Like the Renaissance, the Baroque period in architecture was marked by design rather than structural innovation. In response to the bareness of Renaissance architecture, Baroque buildings were lavishly decorated. Rather than the approach of form following function, designers of this period approached architecture as theater, emphasizing effects, interpretations, and movement. The Spanish Steps in Rome, for instance, were designed to mimic the movements of a popular dance of the time, with sidewalls that moved in, moved out, met, separated, and met again. The design elements became more emotional and dynamic, and the focus was on energy versus balance. At the same time, underlying the ornateness of the Baroque was the logic of Renaissance design.

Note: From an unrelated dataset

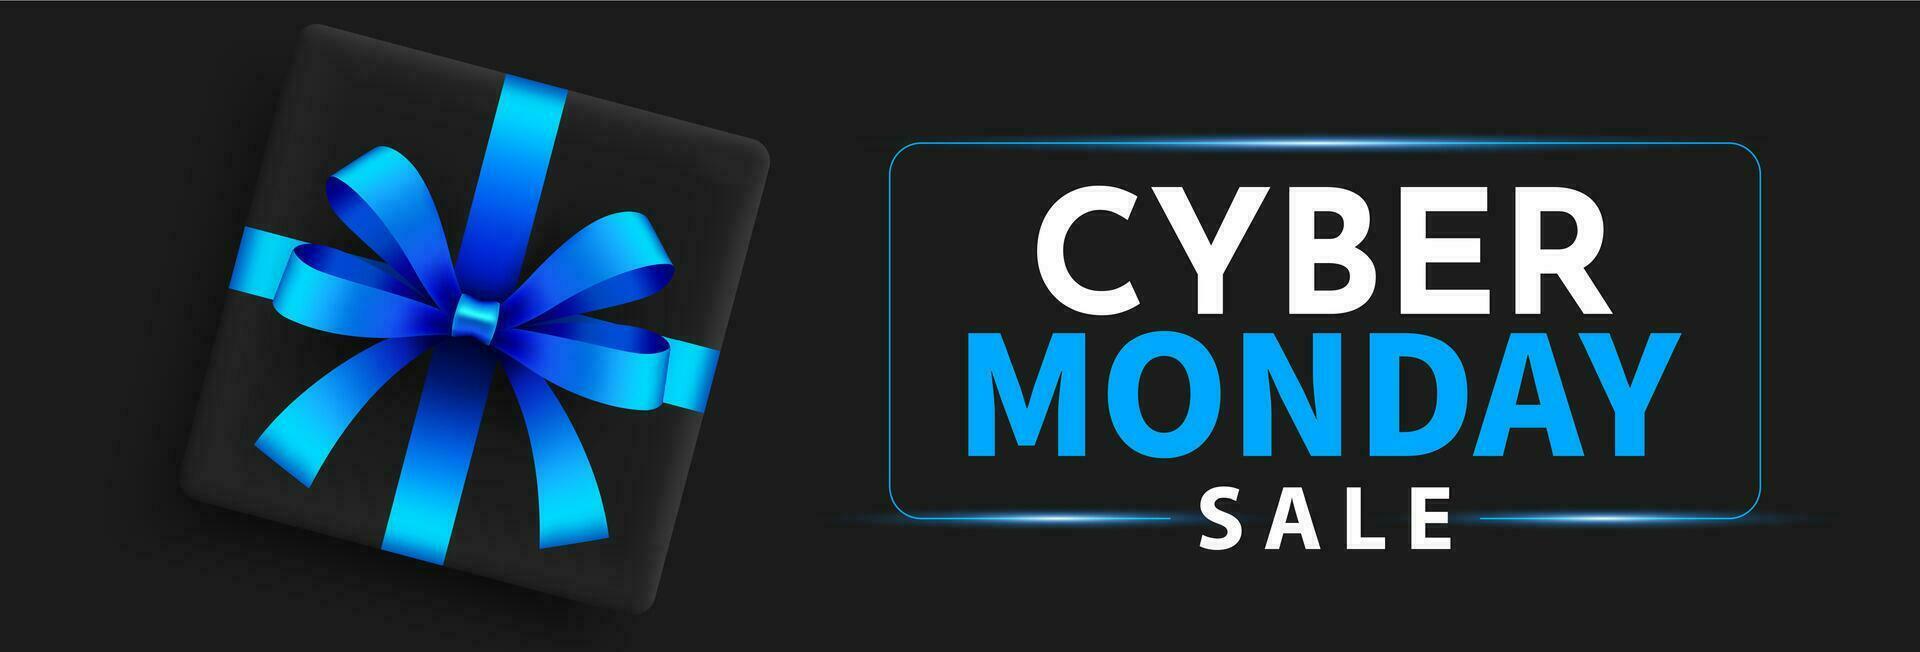 cyber måndag försäljning baner mall. cyber måndag typografi text design för försäljning erbjudande och rabatt kampanj. vektor illustration

One notable aspect of Baroque architecture was its use of controlled viewing to emphasize a building. The approach to St. Peter's in Rome is a classic example. It was carefully orchestrated, beginning some blocks away with the Ponte S. Angelo, progressing through a tangle of narrow streets that heighten anticipation by providing only glimpses of St. Peter's. Finally, the pilgrim emerged into an enormous oval piazza that permitted a clear view of St. Peter's for the first time, framed by the curved colonnade. The sequence was designed to enhance the religious experience of St. Peter's by intensifying the emotions—creating a sense of anticipation and delayed gratification—felt during the approach.